- Poster
- Icelandic: Napóleonsskjölin
- Directed by: Óskar Þór Axelsson
- Screenplay by: Marteinn Þórisson
- Based on: Operation Napoleon by Arnaldur Indriðason
- Produced by: Tinna Proppé; Hilmar Sigurðsson; Dirk Schweitser; Anita Elsani;
- Starring: Vivian Ólafsdóttir; Jack Fox; Iain Glen; Ólafur Darri Ólafsson; Atli Óskar Fjalarsson; Þröstur Leó Gunnarsson; Nanna Kristín Magnúsdóttir; Adesuwa Oni;
- Cinematography: Árni Filippusson
- Edited by: Gunnar B. Guðbjörnsson
- Music by: Frank Hall
- Production company: Saga Film
- Release date: 3 February 2023 (South by Southwest);
- Running time: 112 minutes
- Country: Iceland
- Languages: Icelandic English
- Budget: 900.000.000 ISK

= Operation Napoleon =

2023 Icelandic film by Óskar Þór Axelsson

Operation Napoleon (sometimes with subtitle Frozen Conspiracy, Napóleonsskjölin) is a 2023 Icelandic thriller film directed by Óskar Þór Axelsson, starring Vivian Ólafsdóttir, Jack Fox and Iain Glen.
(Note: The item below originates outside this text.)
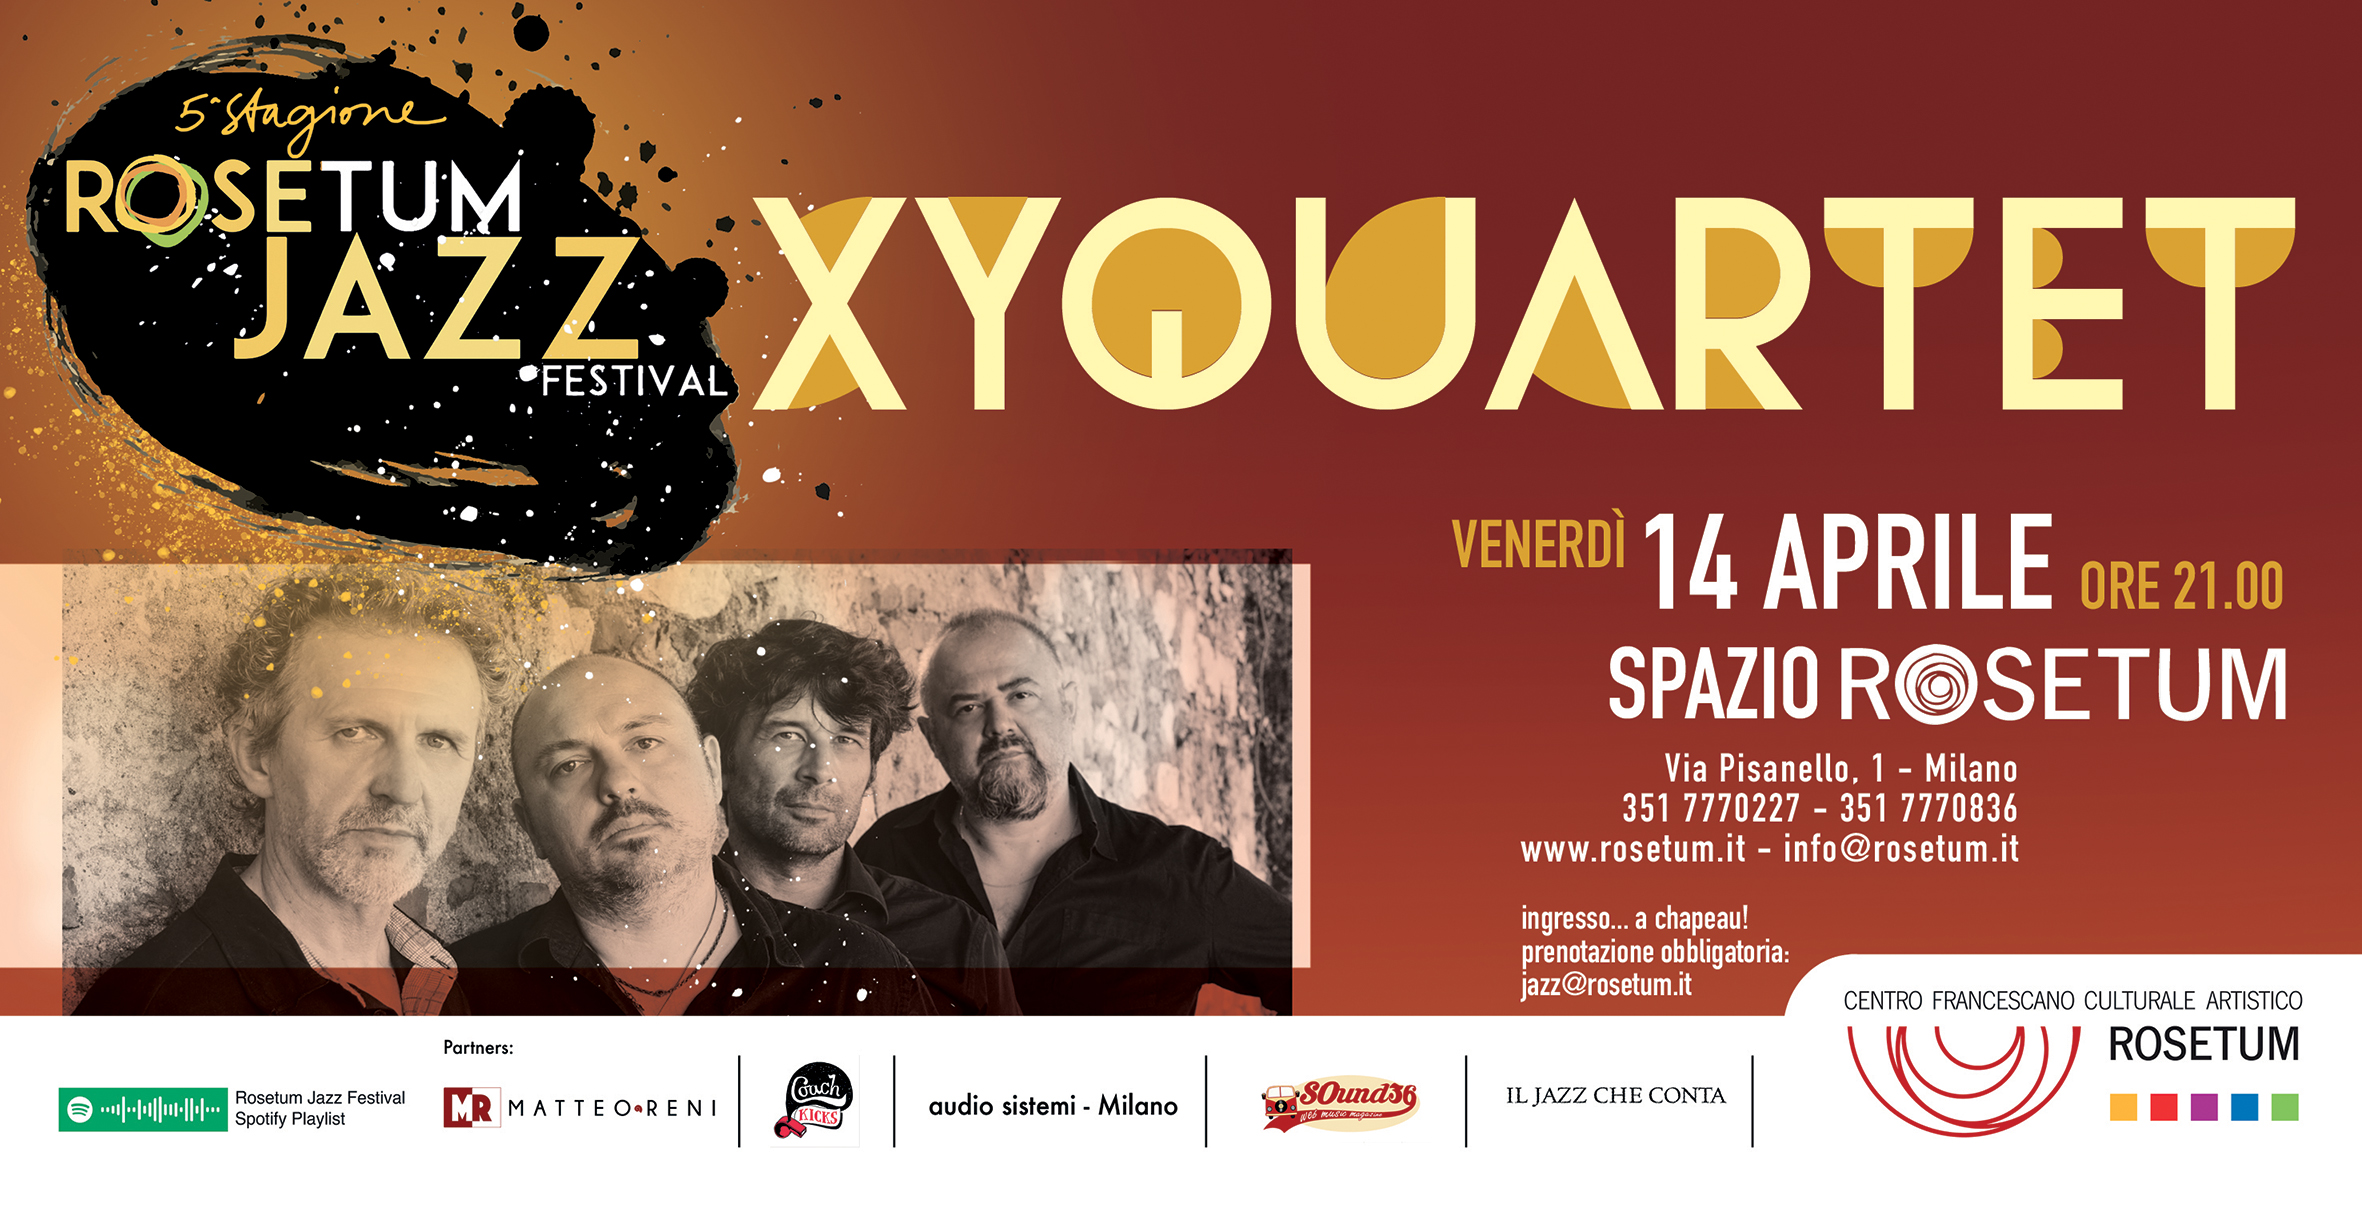 xyquartet 14 aprile ore 21. prenotazione obbligatoria scrivendo a jazz@rosetum.it

It is based on Arnaldur Indriðason's best selling book of the same name.

==Plot==
The film tells the story of Kristín, an ambitious lawyer who is drawn into an unexpected sequence of events when her brother stumbles upon a World War II plane wreck on top of Vatnajökull.

==Cast==
- Vivian Ólafsdóttir as Kristín Johannesdottír
- Jack Fox as Steve Rush
- Iain Glen as William Carr
- Wotan Wilke Möhring as Simon
- Ólafur Darri Ólafsson as Einar
- Atli Óskar Fjalarsson as Elías
- Adesuwa Oni as Julie Ratoff
- Þröstur Leó Gunnarsson as Jóhannes
- Nanna Kristín Magnúsdóttir as Rósa
- Annette Badland as Sarah Steinkamp

==Production==
Production for the film started in 2021.

==Reception==
===Audience viewership===
The filmed opened the premiered in Iceland on 3 February 2023 and by May 2023, it was the second most viewed domestic made film in Iceland for the year.

===Critical response===
Salvör Gullbrá Þórarinsdóttir at Heimildin gave the film three stars, calling it a "Professionally braided Hollywood-flick on an Icelandic glacier".

==Sequel==
In November 2025, Operation Napoleon – Tears of the Wolf, a sequel to Operation Napoleon, was filming in Finland, Iceland, and Germany.